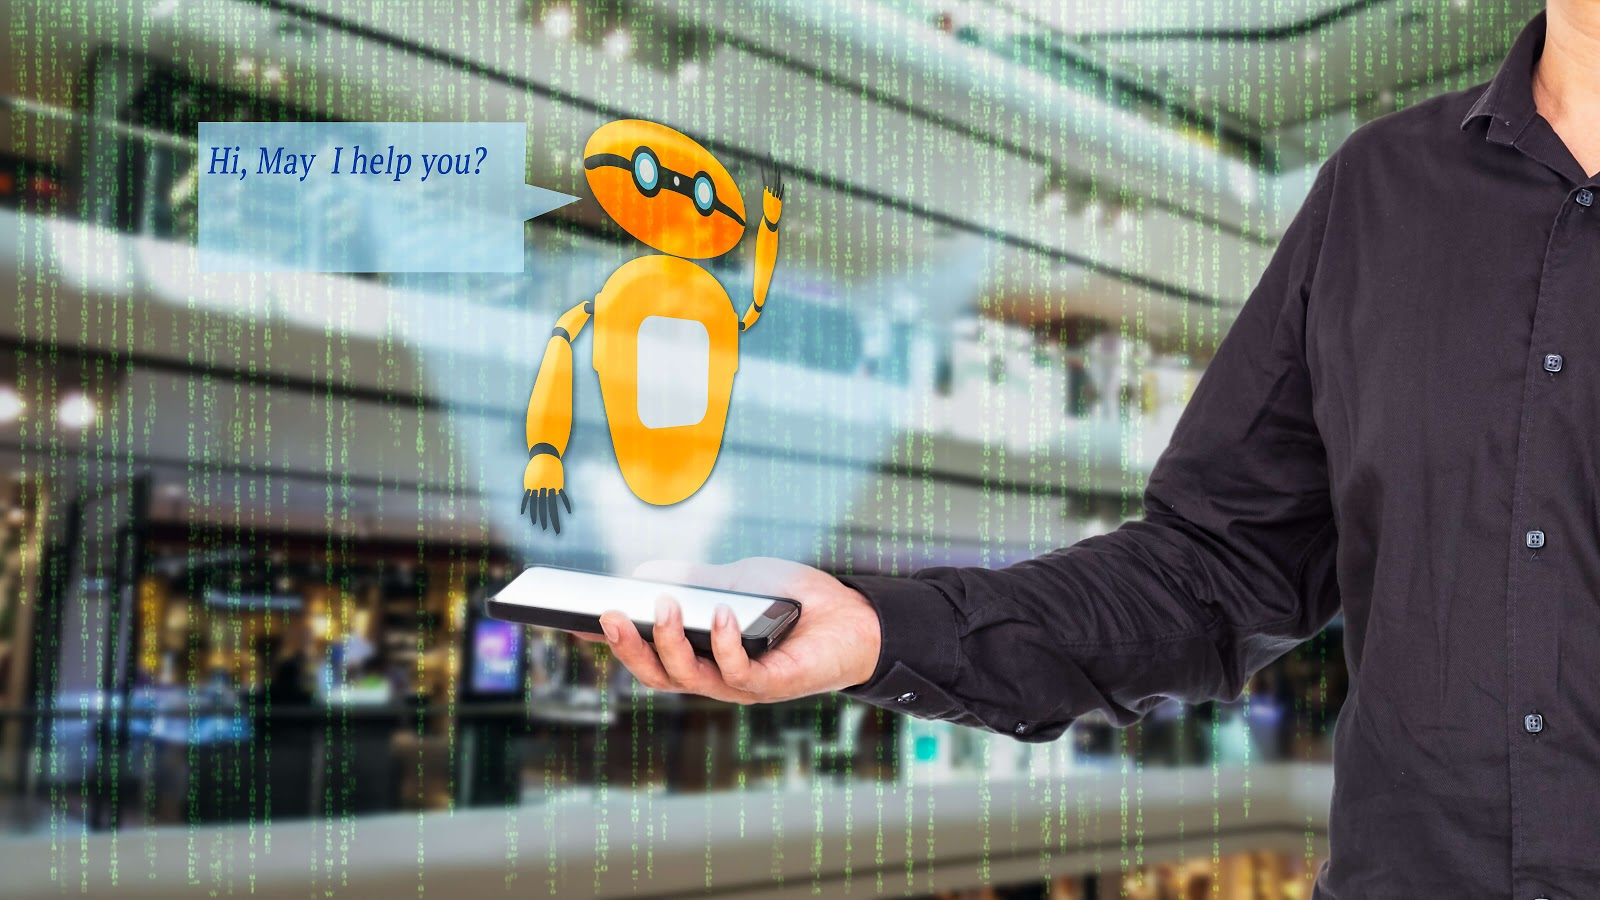 Chatbots Provide Instant Communication
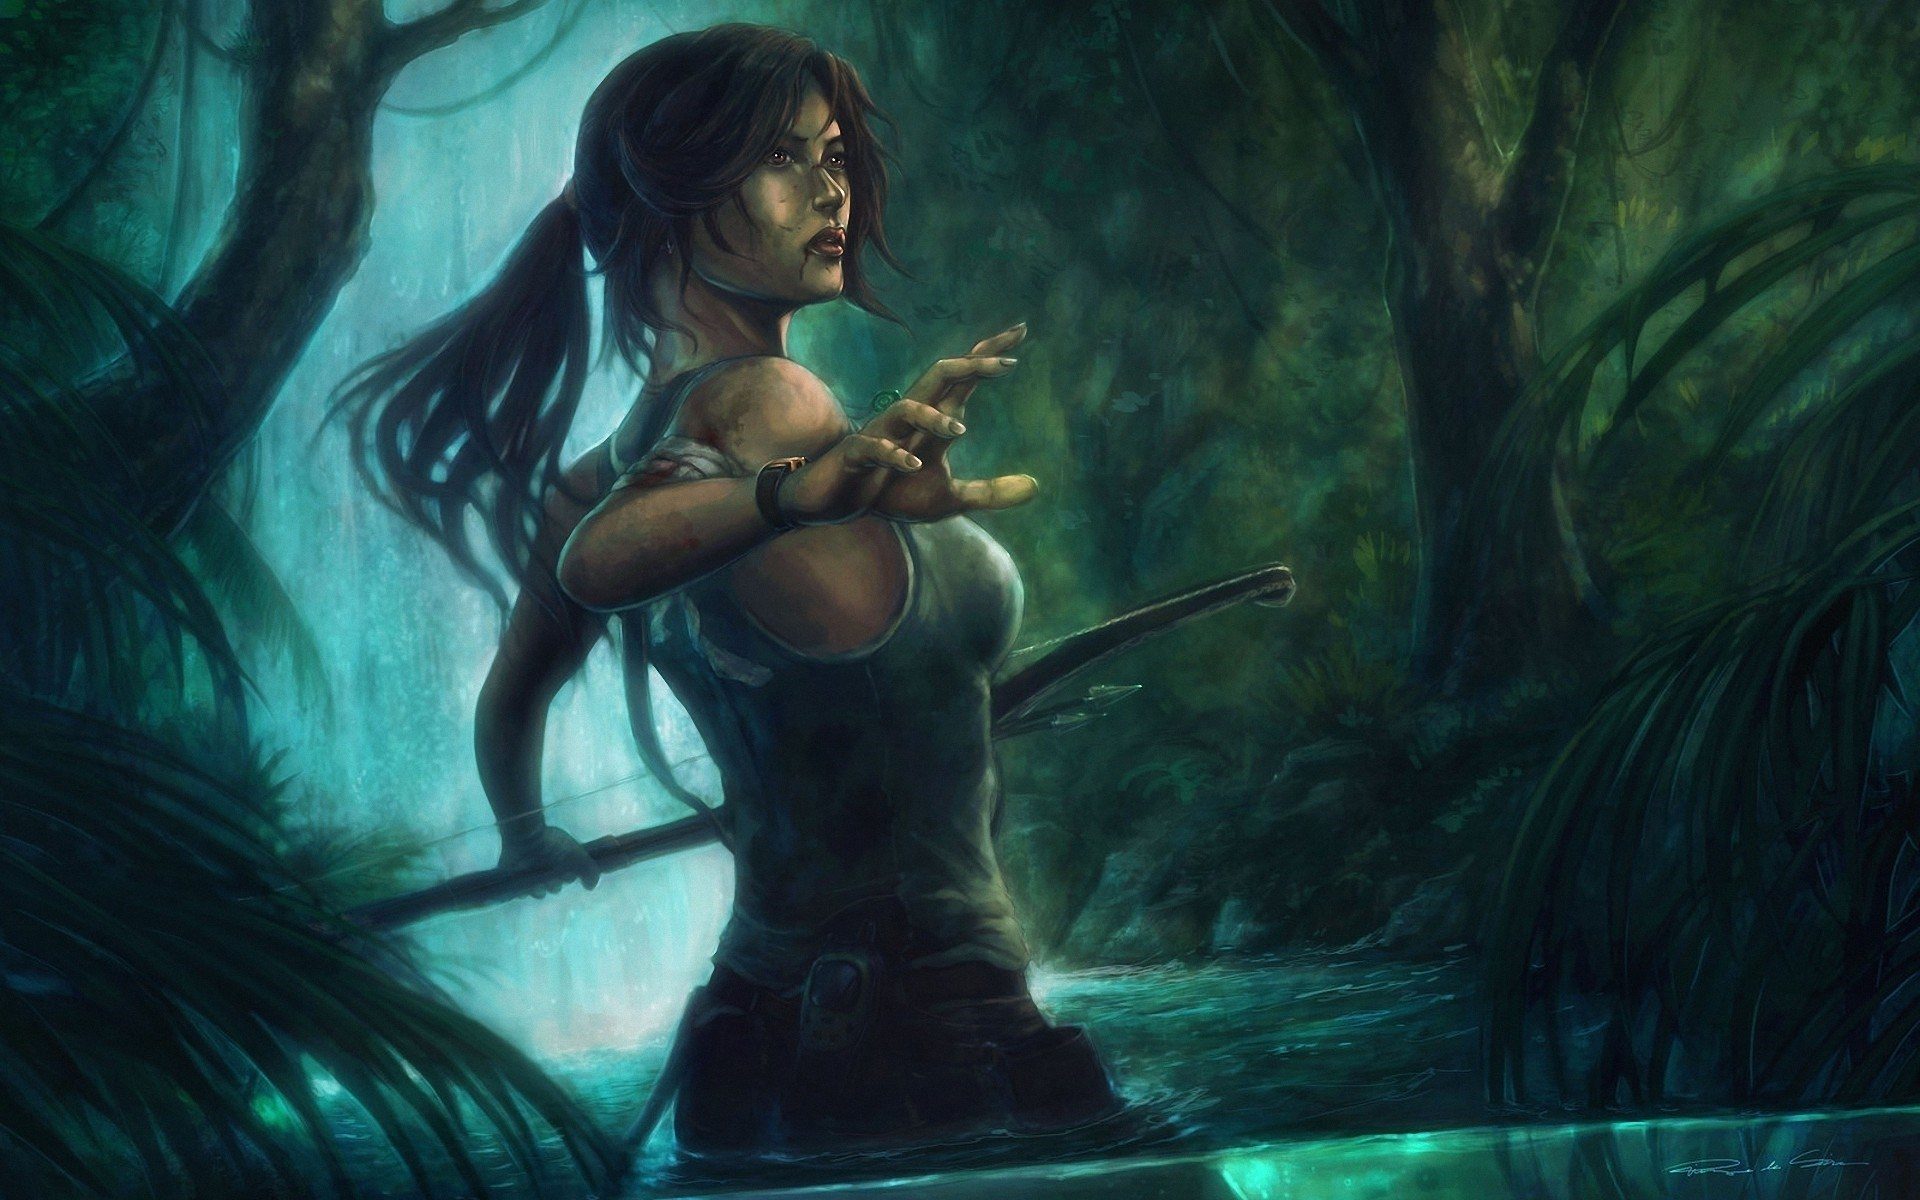 Art Tomb Raider Lara Croft Girl Jungle
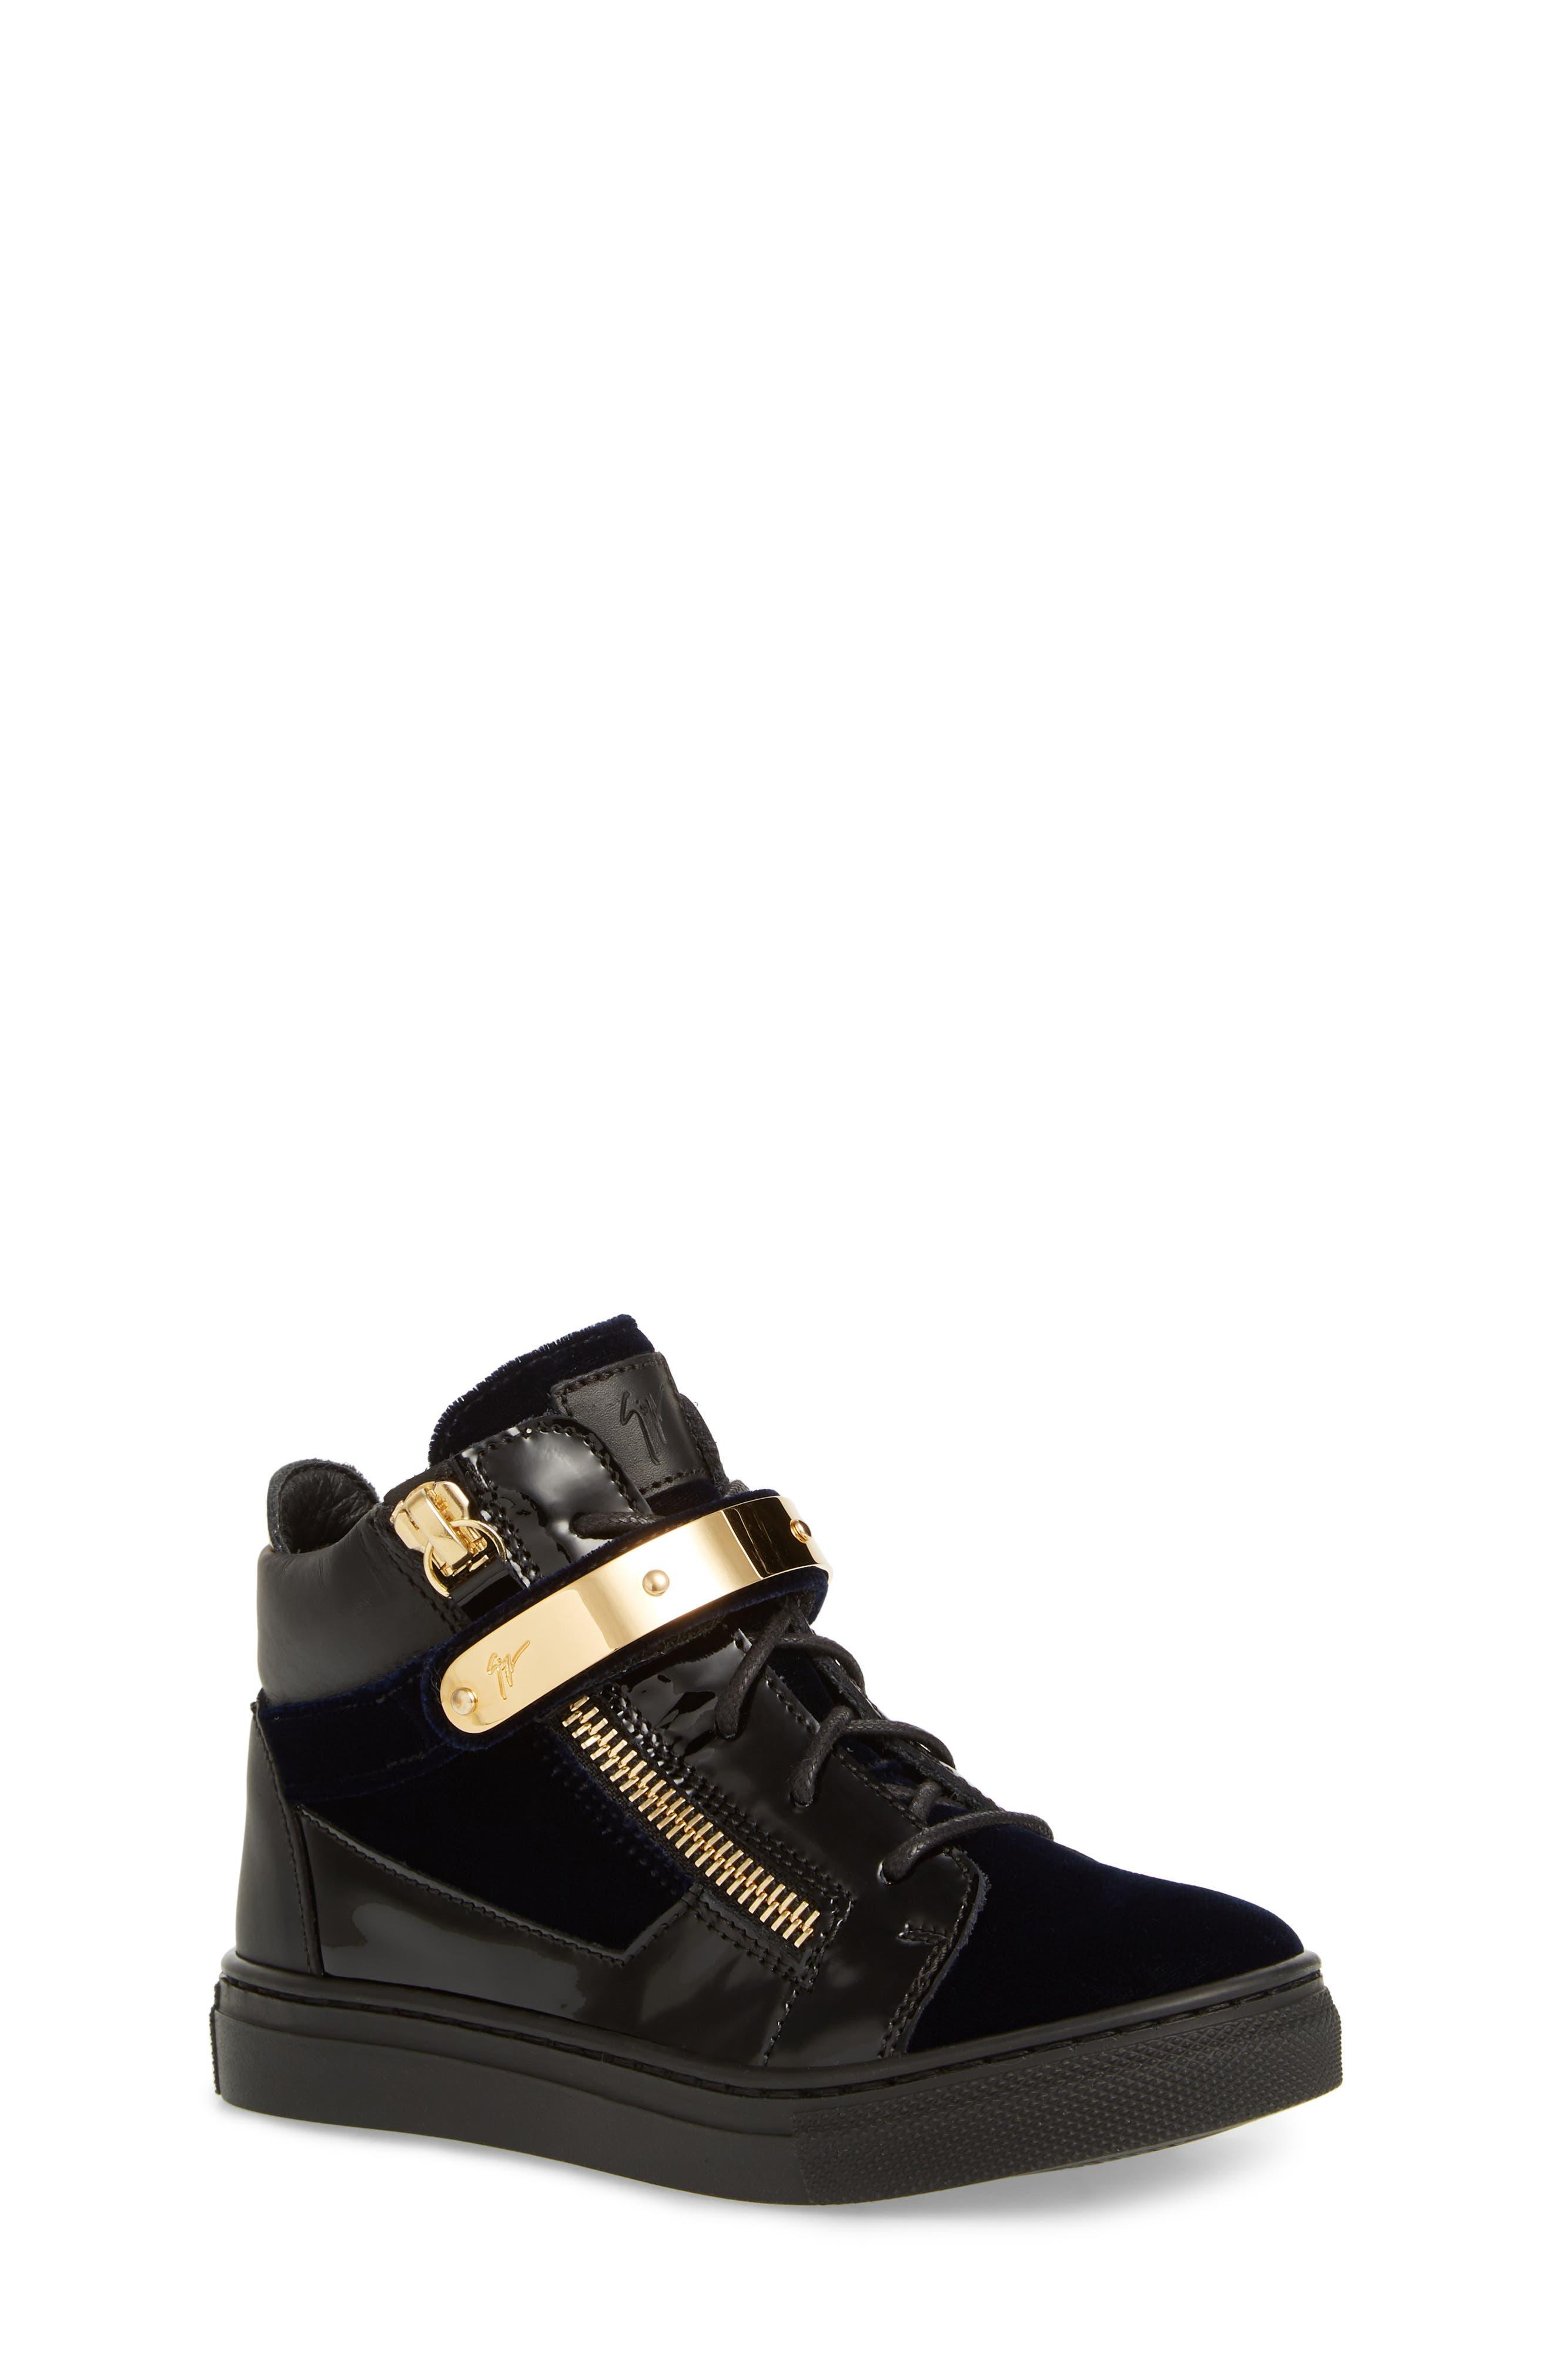 Gomma London Sneaker,                         Main,                         color,
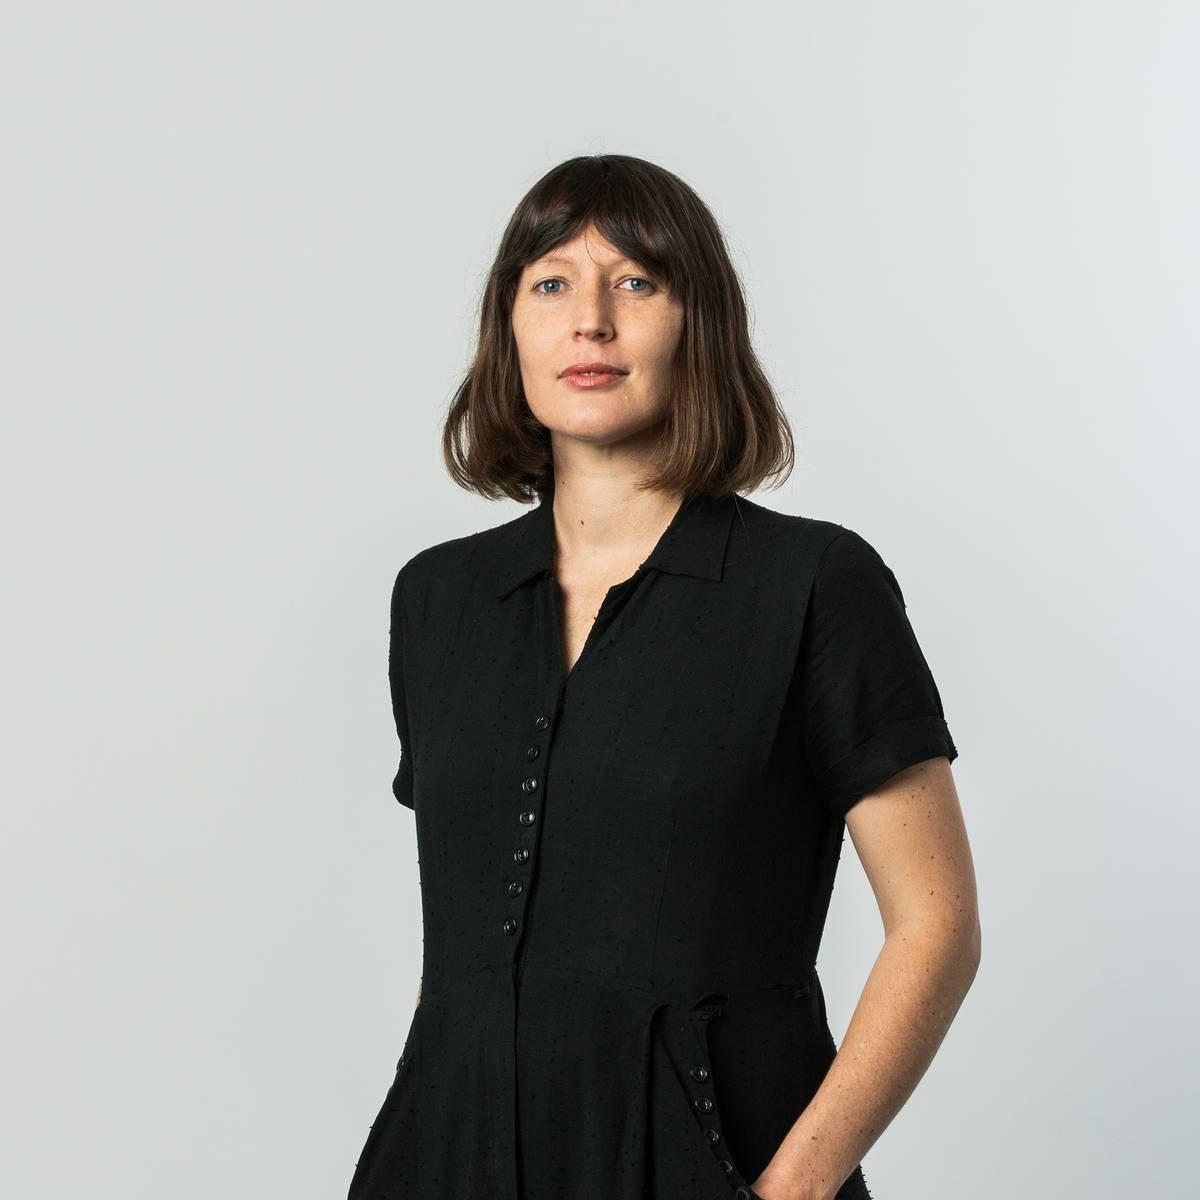 A profile image of Lizy Cretney
+ + + +
### [About this task]
Omit the pictures, then set down all the remaining data exactly as given.

### [Result]
 Chatbots Provide Instant Communication
 Art Tomb Raider Lara Croft Girl Jungle
 Gomma London Sneaker,                         Main,                         color,
 A profile image of Lizy Cretney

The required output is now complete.